JinkoSolar Holding (JKS 4.30%) will release its quarterly report on Monday, and the Chinese solar company has made a spectacular rebound in recent months. But even as the solar industry in China starts to get on stronger footing, JinkoSolar still has to make sure it stays ahead of rivals Trina Solar (NYSE: TSL) and Yingli Green Energy (NYSE: YGE), in order to be a long-term survivor in the space.

JinkoSolar has gone through an extremely rough period for Chinese solar companies, as extremely low margins jeopardized the entire industry. Thanks to massive investment programs from the Chinese government and recovering demand in foreign markets like Japan, though, many solar players in China have bounced back from their worst levels. In the ensuing race back to viability, will JinkoSolar make it to the finish line? Let's take an early look at what's been happening with JinkoSolar Holding over the past quarter, and what we're likely to see in its report.

Stats on JinkoSolar

Analyst EPS Estimate

$0.45

Year-Ago EPS

($0.39)

Revenue Estimate

$302.22 million

Change From Year-Ago Revenue

37%

Earnings Beats in Past 4 Quarters

3

Source: Yahoo! Finance.

Can JinkoSolar earnings stay positive?
Analysts have gotten a lot more positive about the near-term prospects for JinkoSolar earnings lately, boosting third-quarter estimates by $0.10 per share, and quintupling full-year earnings projections. The stock has soared, climbing more than 105% since mid-August.

JinkoSolar brought strong momentum into the quarter, with its second-quarter results showing a nearly 45% rise in solar-module shipments that helped boost revenue by 52%. JinkoSolar said it benefited from a rush among European buyers to avoid threatened tariffs, but that even with a trade agreement in place, the company expects a jump in full-year module shipments of 200 to 300 megawatts. Those results put JinkoSolar in an enviably profitable position compared to Trina Solar and Yingli Green Energy, both of which had suffered losses.

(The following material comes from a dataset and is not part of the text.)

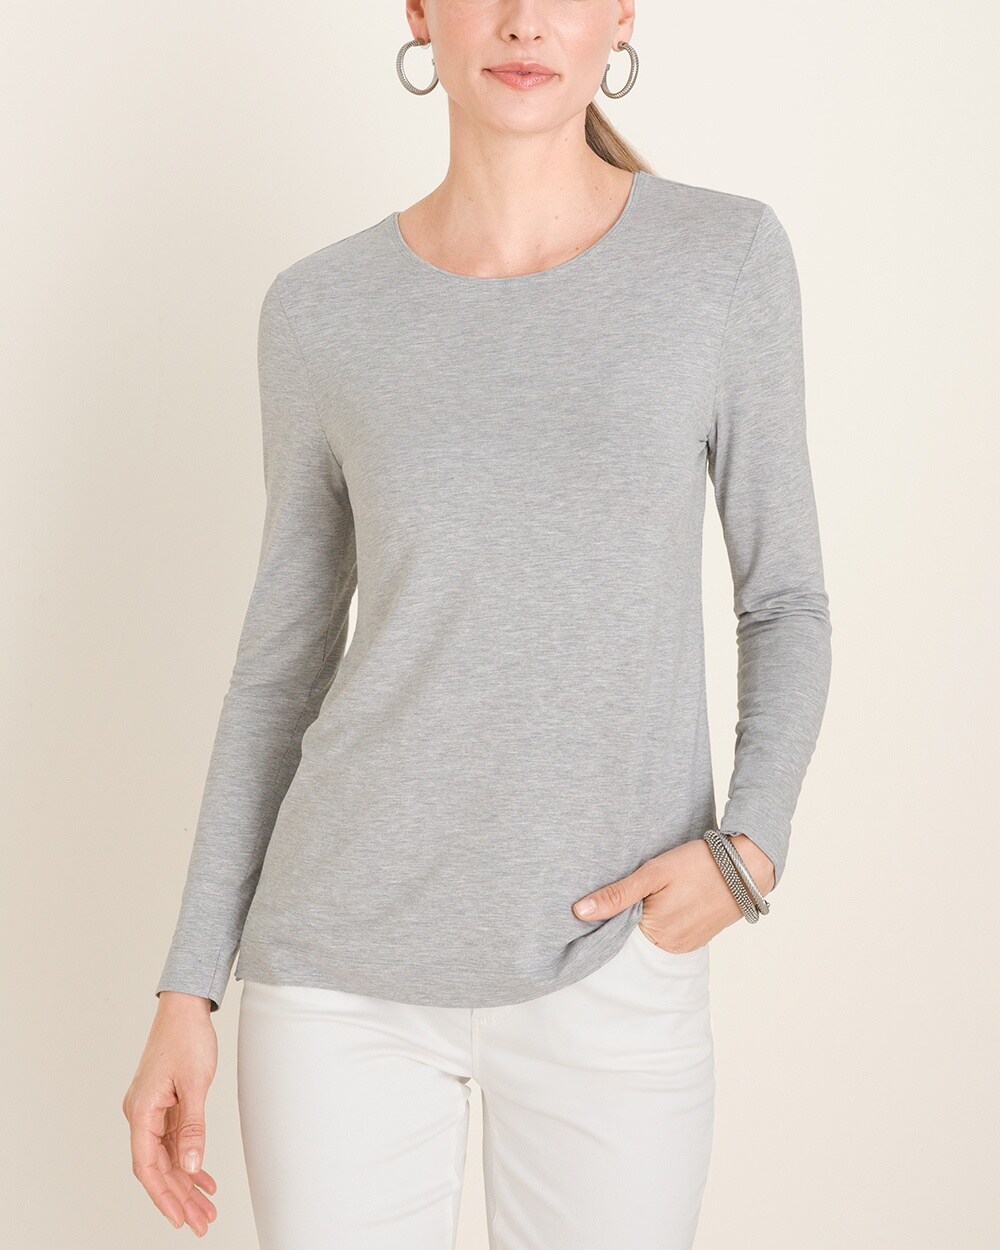 Essential Layer Top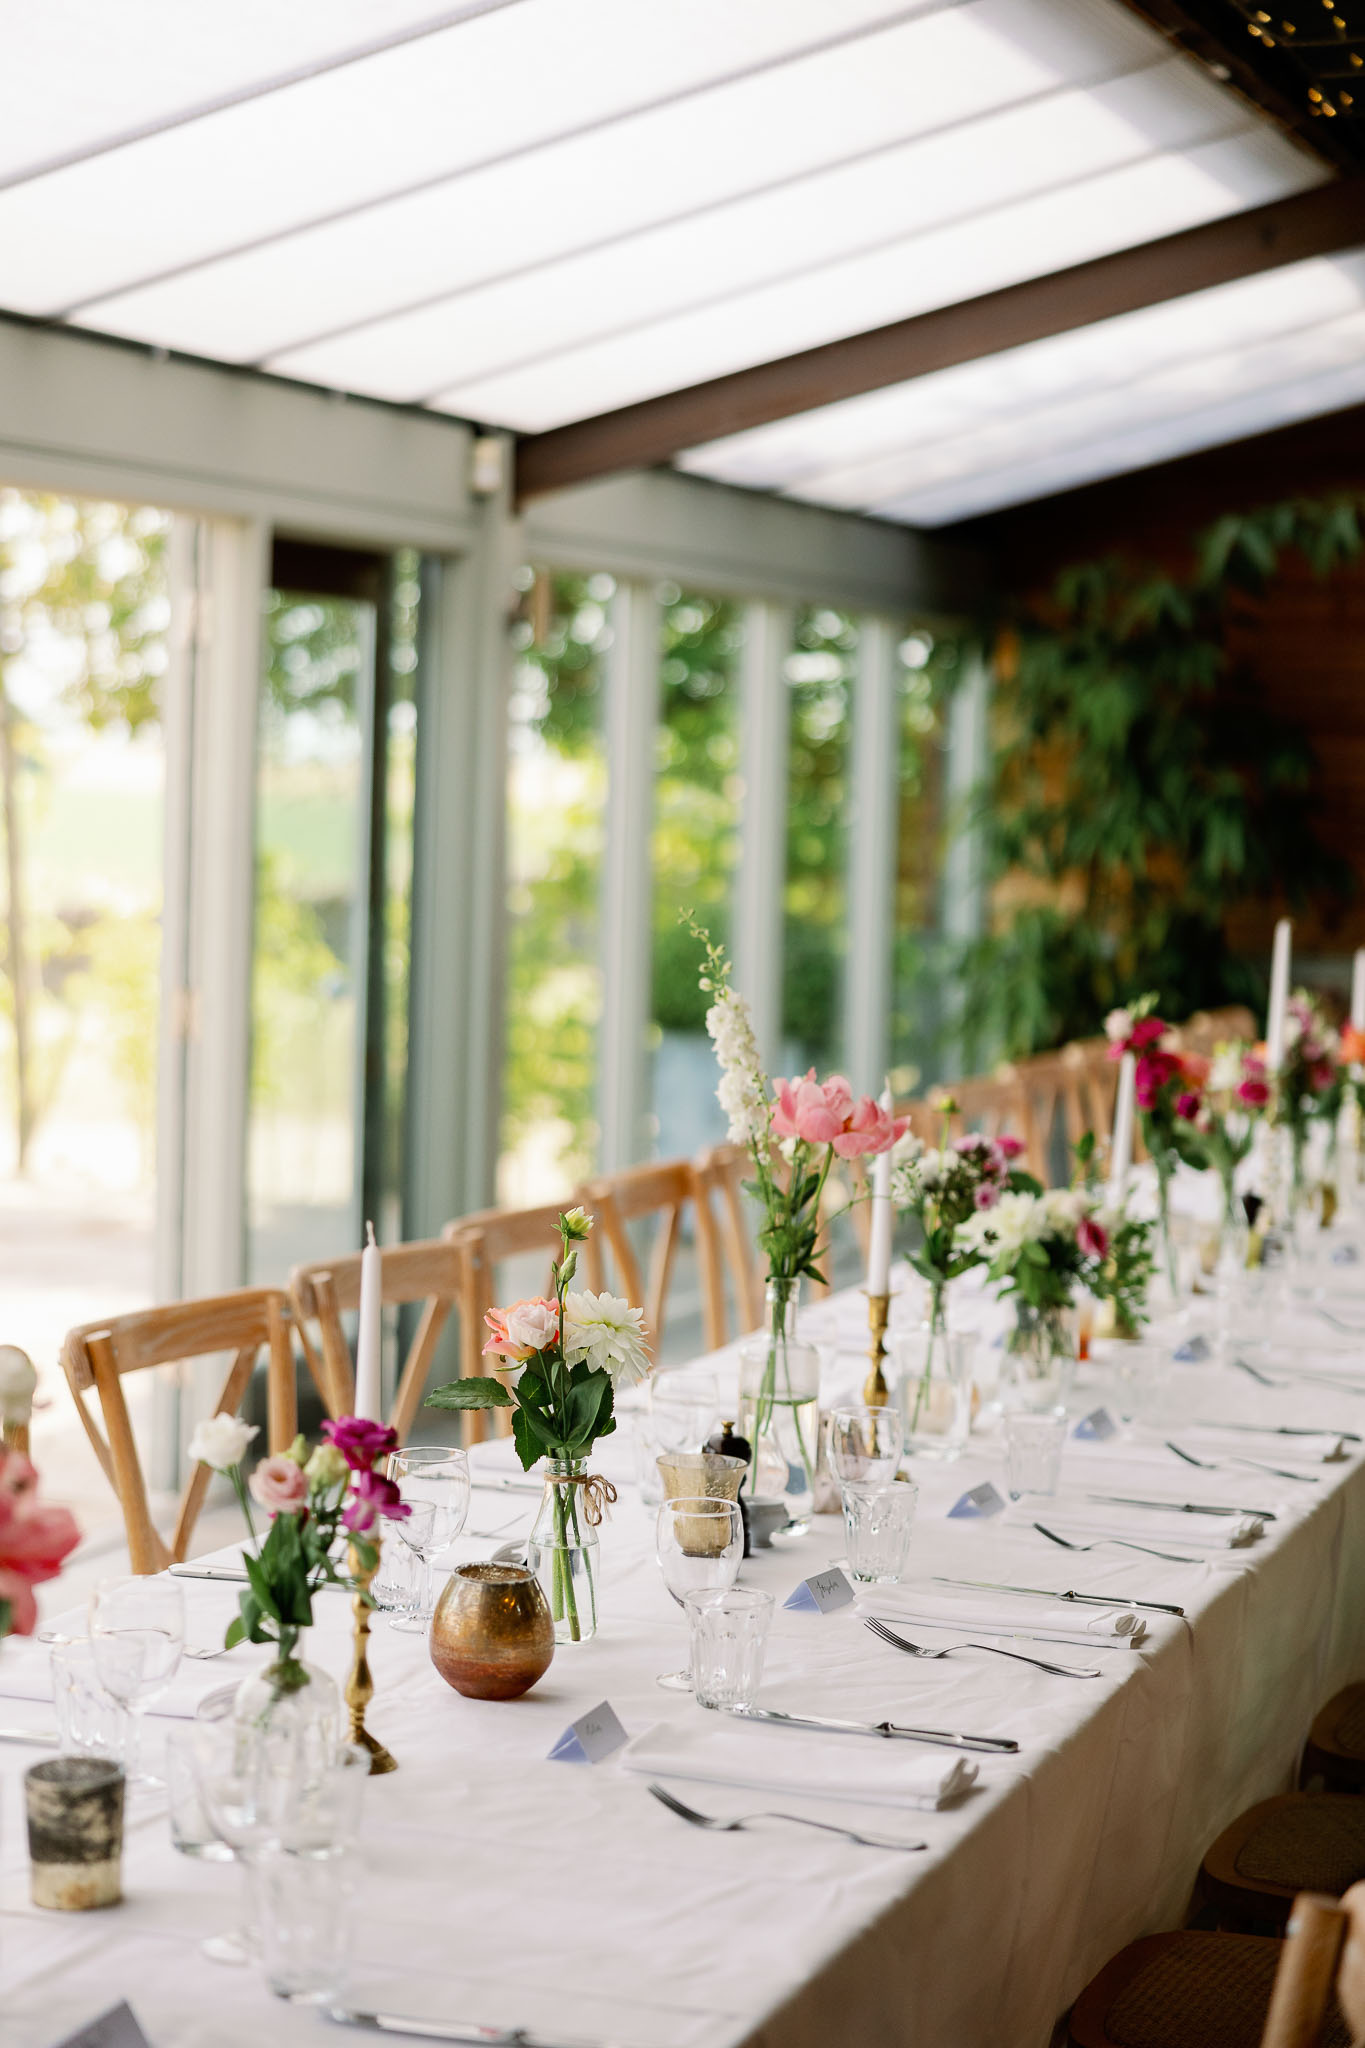 Stone Barn Decorated for a Summer Wedding

JinkoSolar's healthy financials have given it the ability to look for potential new markets. Last month, the company said it would work with a U.K.-based solar utility-project developer to provide panels for a new solar farm in England. Yet, JinkoSolar has also avoided the trap of relying too much on Europe, as doing so has hurt Trina's and Yingli's margins, and arguably kept them from reaching profitability. JinkoSolar received certification from a key Japanese solar player, and its presence in the high-margin Japanese market could help boost its business there even further, as well.

The key to JinkoSolar's continued success is to make sure it never has to deal with the debt woes that some of its competitors face. Yingli Green Energy has nearly $3 billion in debt, and with fellow Chinese peers Suntech Power and LDK Solar missing debt payments at various times this year, prospects for heavily indebted Chinese solar companies look grim. Trina, meanwhile, has done a good job of paying down debt, and could become profitable in the near future.

In the JinkoSolar earnings report, make sure to see if the company can keep boosting its profits and take a more commanding lead in the Chinese solar industry. In a nation of winners and losers, JinkoSolar looks poised to rise to the top of the list of solar companies in China.